Overige bijzonderheden
Op 30 november 1812 wordt het overdekte kaagschip (bélandre) “Neptune” (64-78/94 ton) voor 1200 Nederlandse zilveren guldens of Frs. 2520 onderhands verkocht door kapitein Dirk Tjeerd Visser te Ameland aan Lourens Veer, koopman te Alkmaar. Kiellegging en tewaterlating van het schip vond plaats te Hasselt. De verkoop passeerd bij notaris Reinier Meijjes te Amsterdam113
In dossier 38-90 een monsterrol dd 21 december 1813 met het kaagschip “Nepthunus”, varend onder Hollandse vlag onder kapitein Dirk Tjeerds Visser. Boekhouder Louwerens Veen te Alkmaar. Bestemming Londen. 4 bemanningsleden de kapitein, stuurman Engel D.Dekker, matroos Klaas H. de Boer en kok Douwe T.Visser, allen van Ameland.011a
Volgens informatie van Tineke Borsch te Ameland (september 2007) blijken Tjeerd en Engel zwagers te zijn en Tjeerd en Douwe broers.
In dossier 38-92 een monsterrol dd 18 mei 1814 van de brik “De Vrouw Dieuwertje”, varend onder Hollandse vlag onder kapitein Dirk T.Visser.

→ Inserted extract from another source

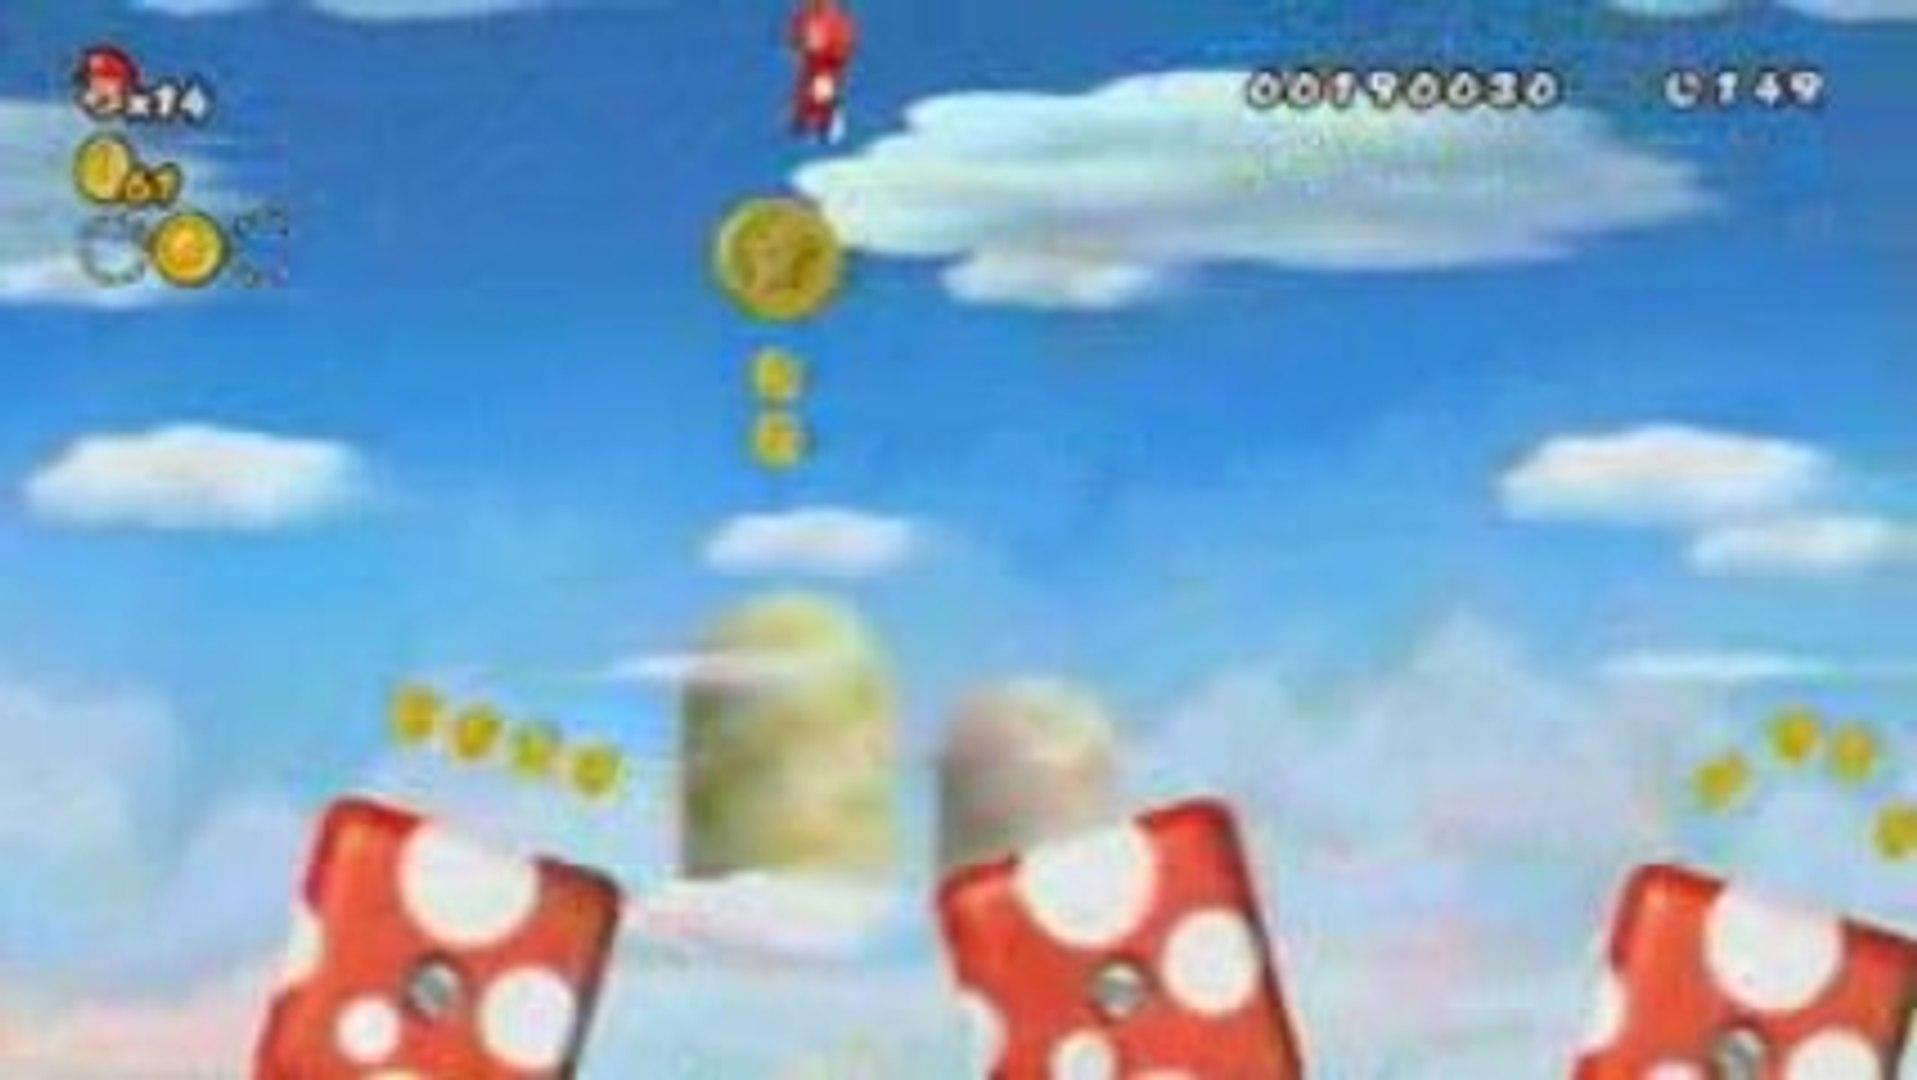 New Super Mario Bros. Wii - Propeller Suit Trailer

Boekhouder: O.de Vries. Bestemming Archangel. 9 bemanningsleden en wel de kapitein, stuurman Arend Oosterbaan van Amsterdam, timmerman, bootsman, kok, 3 matrozen, twee ligtmatrozen (Cornelis K. de Jong en Douwe T.Visser.) 011a
In het Sorgdragermuseum te Hollum, Ameland, is een zwart-wit prent van een kof met in de mast een wimpel waarin de vermelding Reijna Catharina. Dit schip wordt door conservator Pieter Jan Borsch toegeschreven aan Dirk Tjeerds Visser, (1788-1835). Op de prent is geen verdere aanduiding van schilder of kapitein.
Rotterdamsche Courant 07 oktober 1819114
Amsterdam, 5 oktober. Den 31 augustus was op 38 graden 26 minuten N.B. 30 graden 30 minuten west van Greenwich, in de beste staat zeilende het schip de VROUW DIEWERTJE, kaptein D.T. Visser, van Amsterdam naar Havana.

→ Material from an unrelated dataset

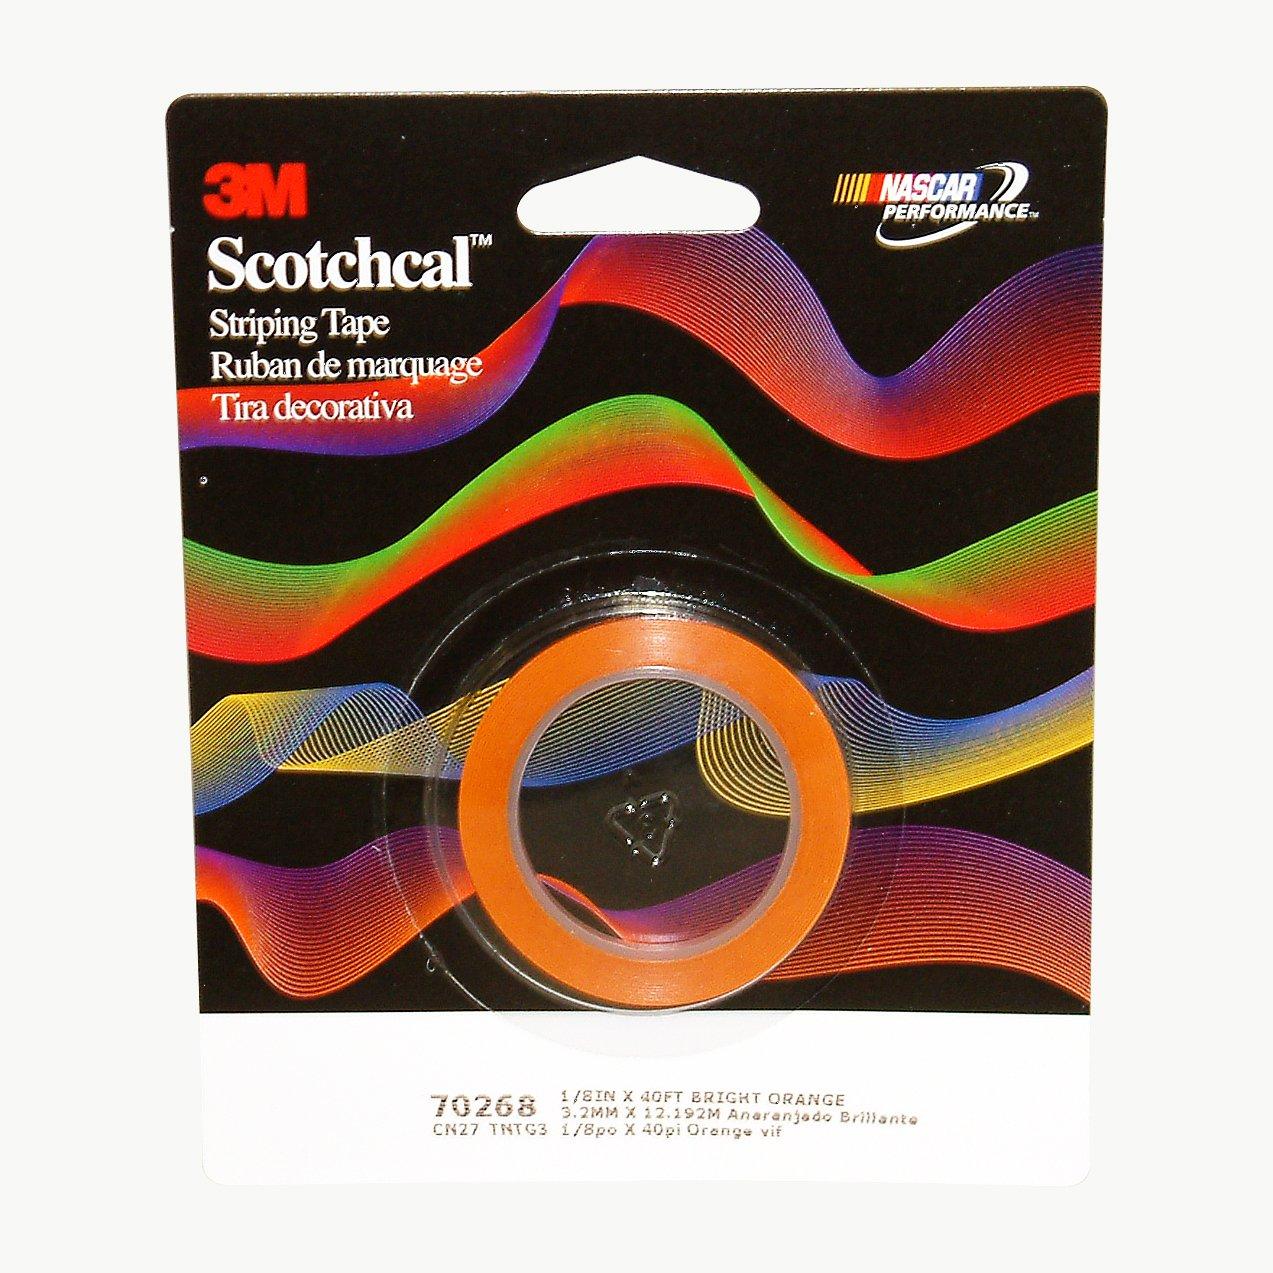 3M Scotch 75346887377 3M Scotch Scotchcal Striping Tape Silver Starfire 1//4 x 40

Rotterdamsche Courant 17 januari 1822114
Amsterdam, 15 januari. Volgens brief van kapt. J.R. Bonning, voerende het schip de ZEEMEEUW, van Amsterdam naar Curaçao, in dato 3 januari, was hij toen in goede staat zeilende in het Kanaal bij Dungeness, bij zich hebbende het schip de HAVANA PAKET (opm: brik HAVANNAS PACKET), kapt. D.T. Visser, van Amsterdam naar Havana.
Rotterdamsche Courant 12 september 1822114
Amsterdam, 10 september. Volgens brief van kapt. D.T. Visser, voerende het schip de HAVANA PACKET (opm: brik, de naam in diverse zeebrieven afwijkend geschreven; in de koopakte als HAVANNAS PACKET), van Amsterdam naar Havana, in dato den 13 augustus, was hij toen, na vier weken westelijke winden gehad te hebben, in goede staat zeilende op 27 graden breedte 55 grade lengte west van Greenwich.

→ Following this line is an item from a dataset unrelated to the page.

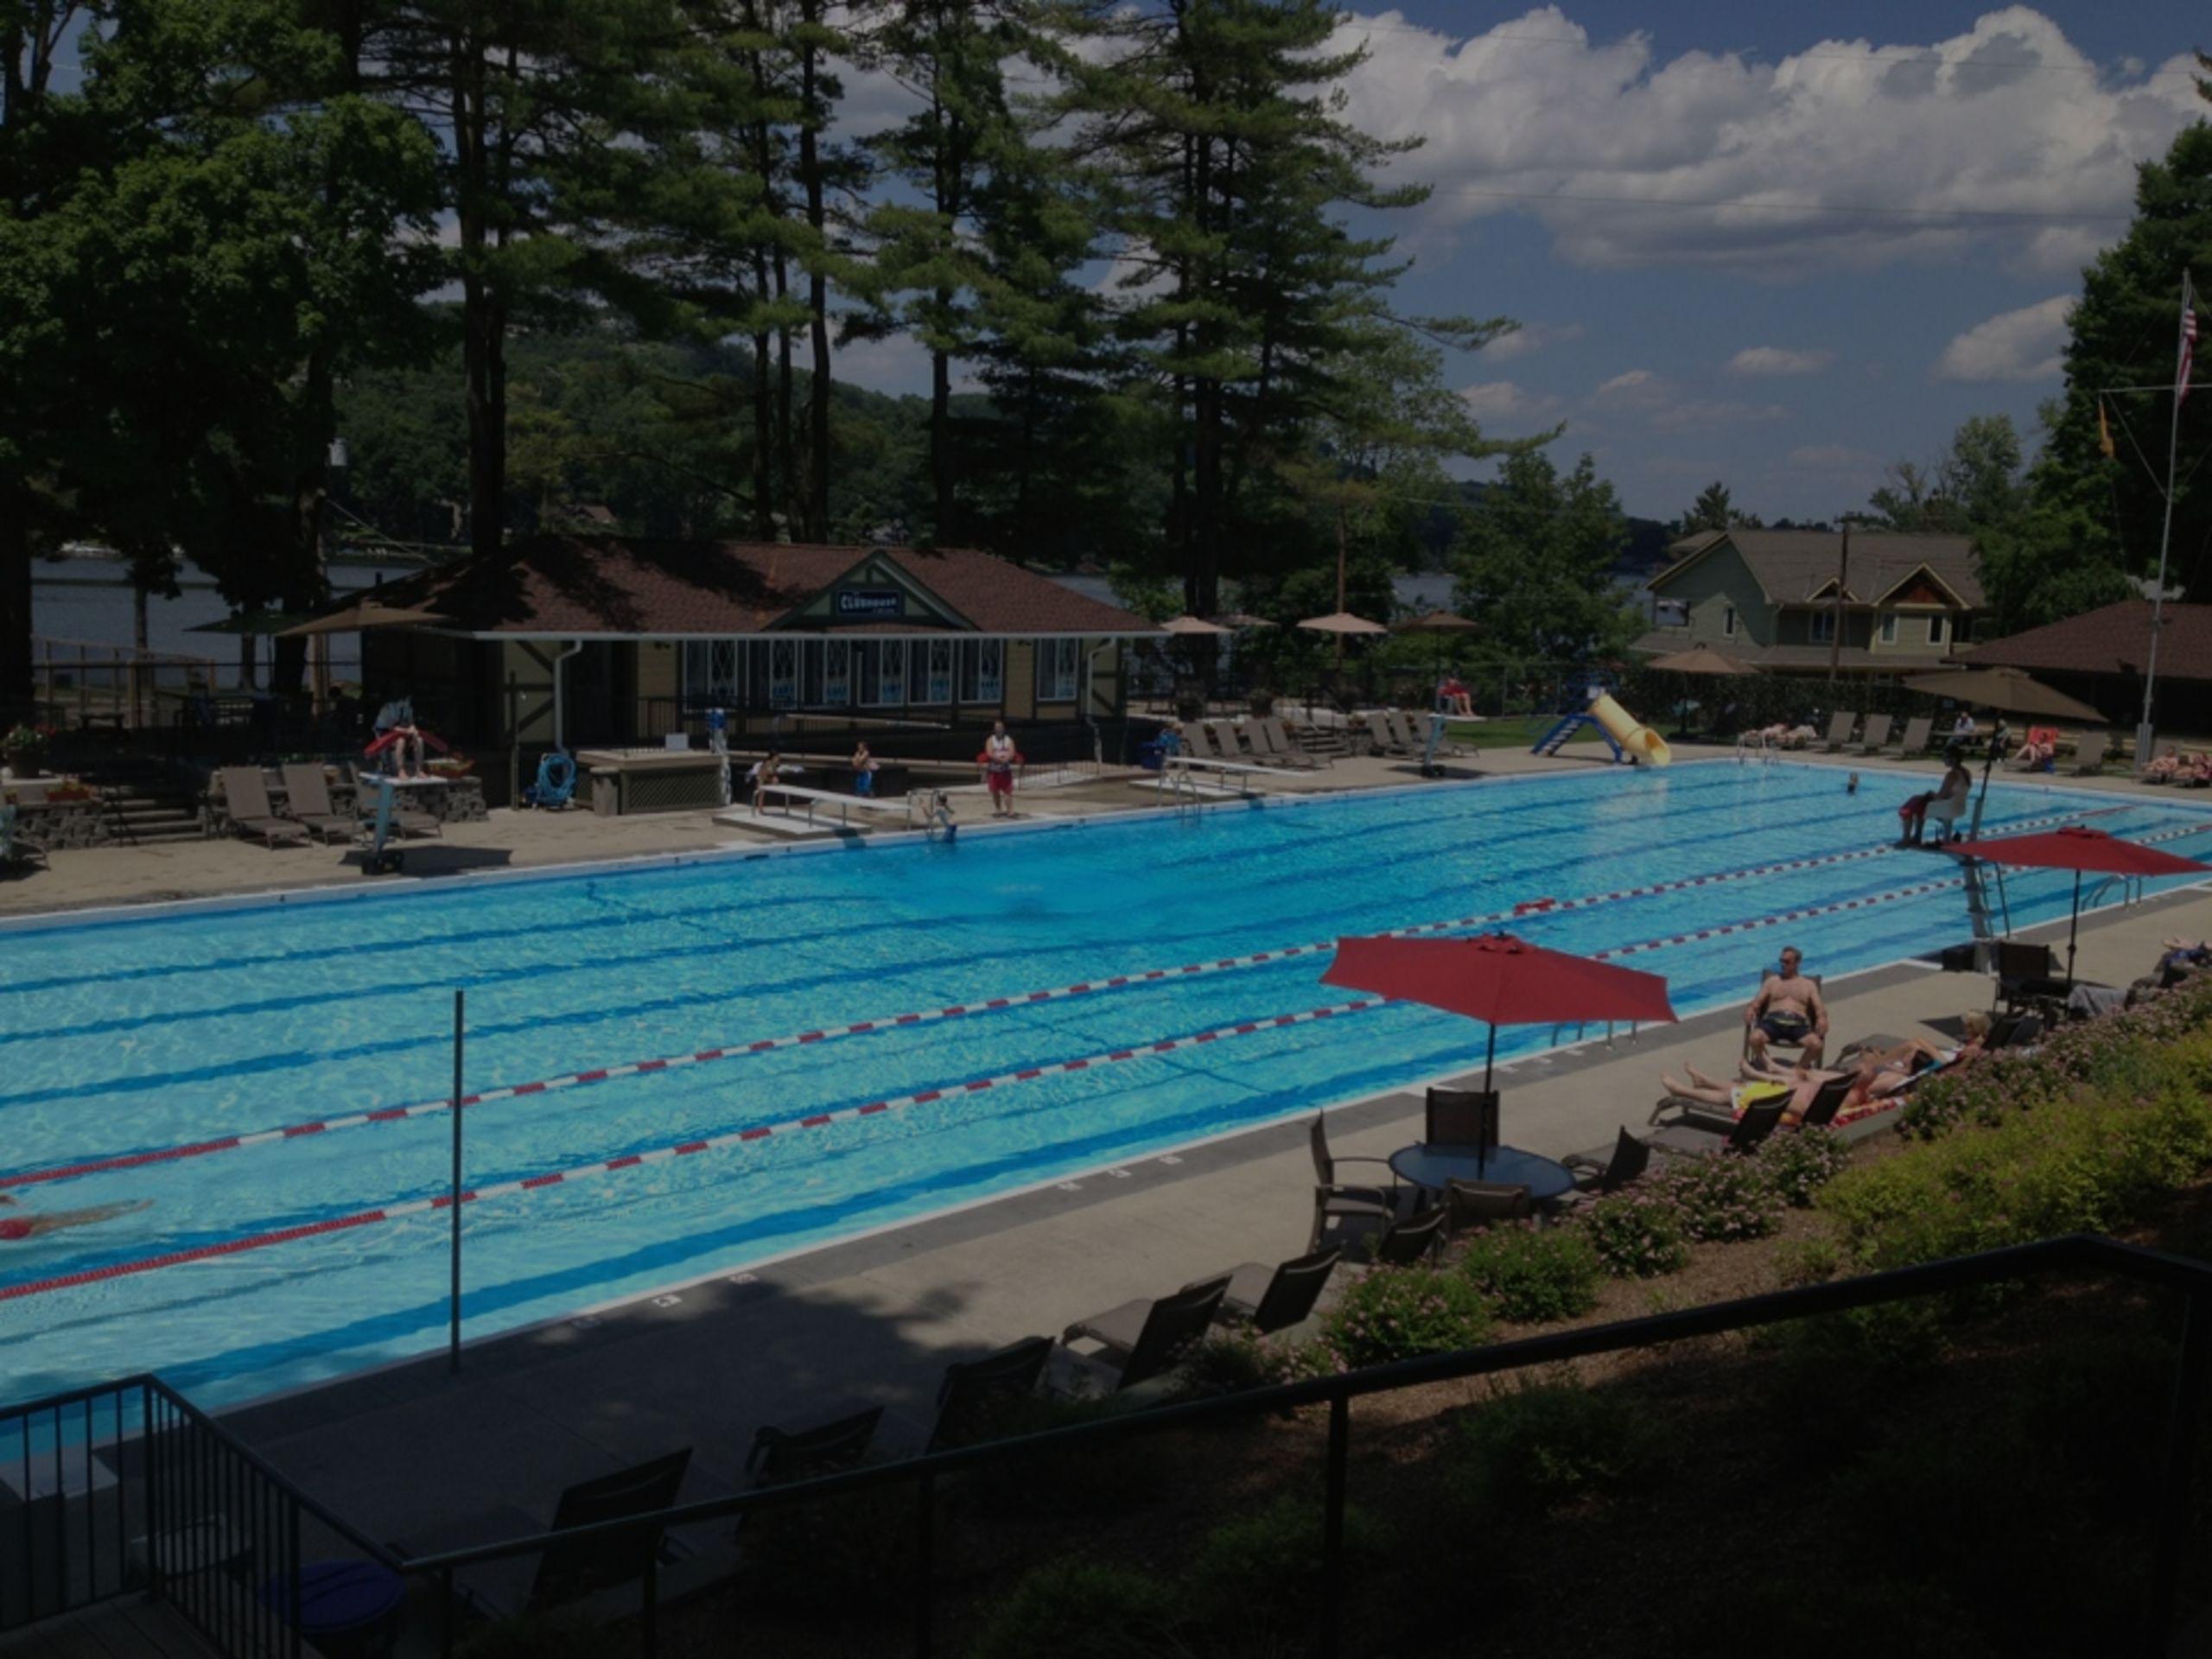 Things to do in Lake Mohawk – Lake Mohawk Pool Sparta, NJ

Rotterdamsche Courant 02 november 1822114
Amsterdam, 31 oktober. Kapt. D.T. Visser, voerende het schip de HAVANA-PAKET (opm: brik HAVANNAS PACKET), meldt van Havana van den 7 september, dat hij dacht in het laatst dier maand de terugreis naar Amsterdam aan te nemen; aan boord was alles wel.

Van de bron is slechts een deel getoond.